The film opens by telling viewers that members of the Oyo Empire close to the West Coast of Africa are beginning to invade the Kingdom of Dahomey dominated by a King Ghezo in 1823. A word on the display additionally informs viewers that Dahomey has a fearsome group of feminine warriors referred to as the Agojie.

Minimize to some feminine warriors, led by “Normal” Nanisca, attacking a village of the Mali folks, who’ve joined with the Oyo military. The soldiers are attempting to free some Oyo captives being held by the village. They reach killing all of the male troopers and setting the captives free.
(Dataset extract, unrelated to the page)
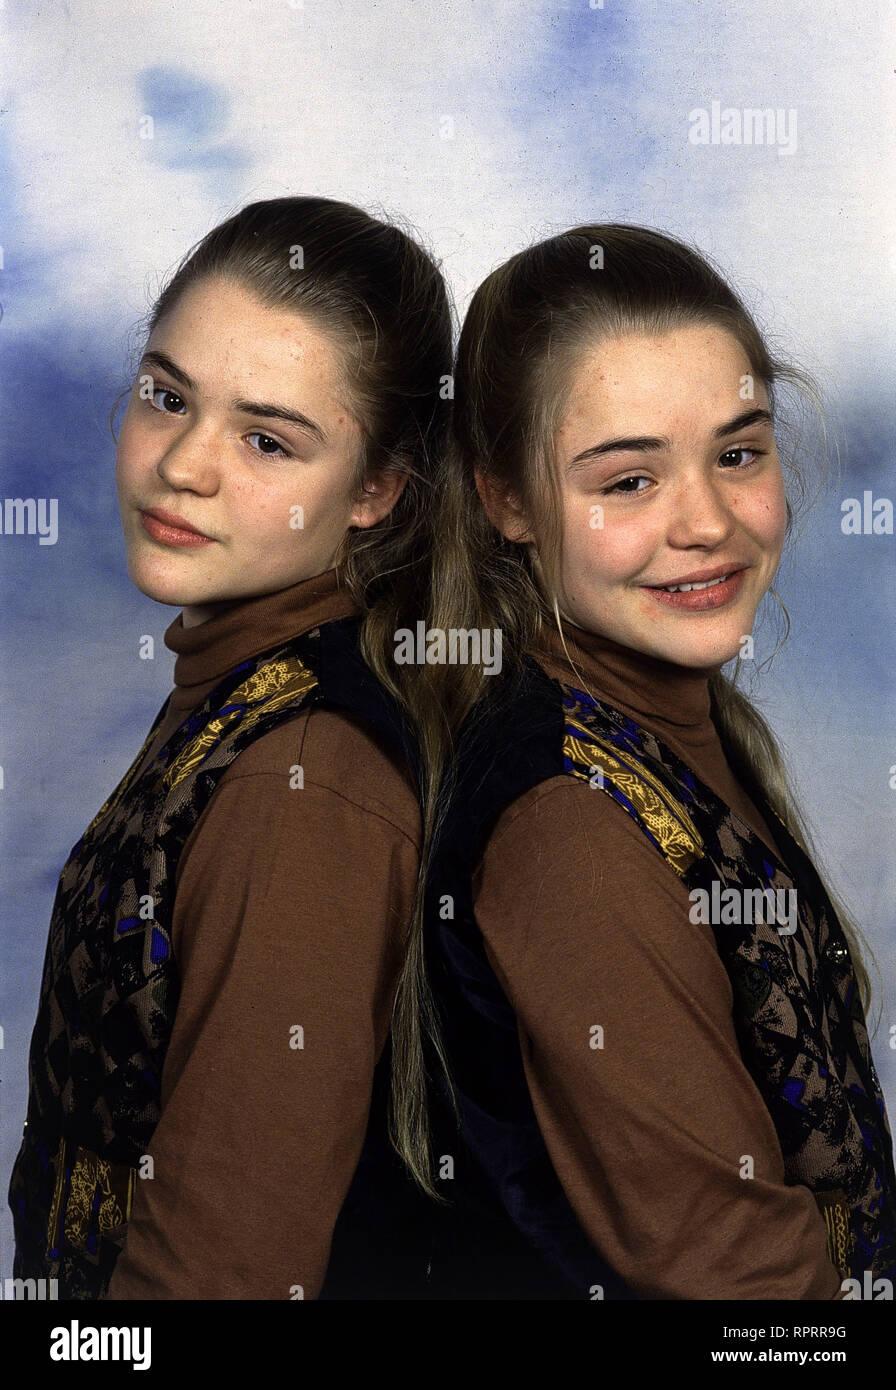 die zwillinge ashley und alicia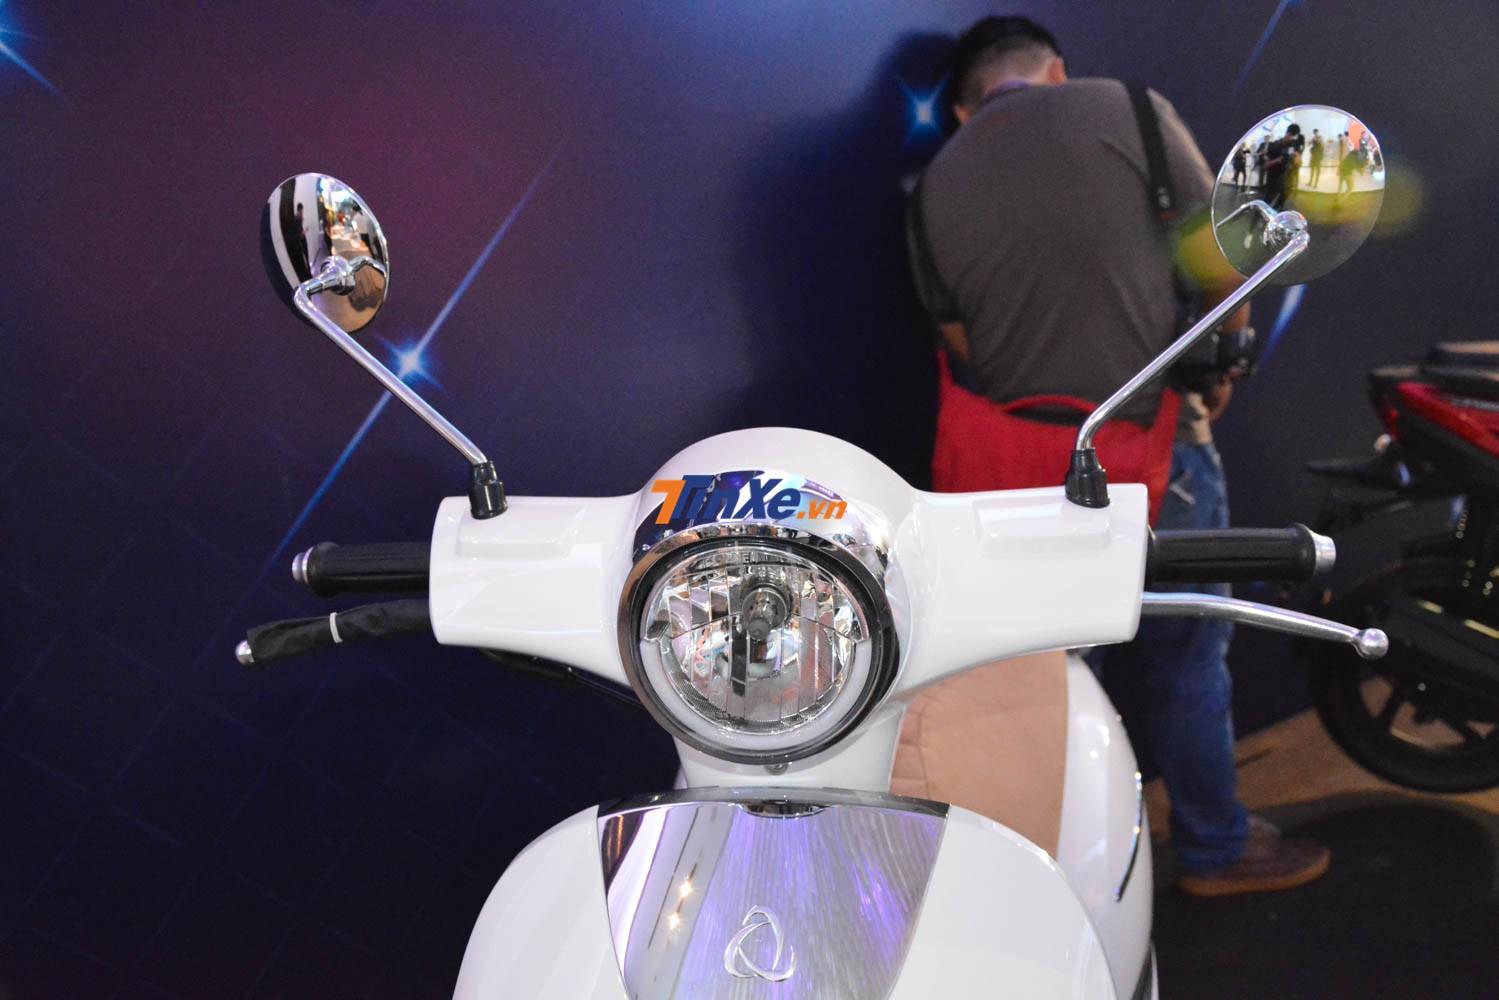 UMG Motor Selena với thiết kế đèn pha đơn giản

Again within the capital metropolis, the captives are given the selection to hitch the feminine warriors. Some do and a few don’t. They have to reside in a separate compound, nevertheless, connected to the palace of the King Ghezo, who has many wives. The film doesn’t point out this truth, however the King of Dahomey generally would take a number of the warriors for his wives.

In the meantime, in one other a part of the town, a 19-year-old younger girl named Nawi refuses her father’s command to marry an older man, who clearly likes to abuse his wives. As was the customized, Nawi’s father decides to present his “uncontrollable” daughter to the King. Within the warrior compound, Nawi decides she’d prefer to be one of many feminine warriors.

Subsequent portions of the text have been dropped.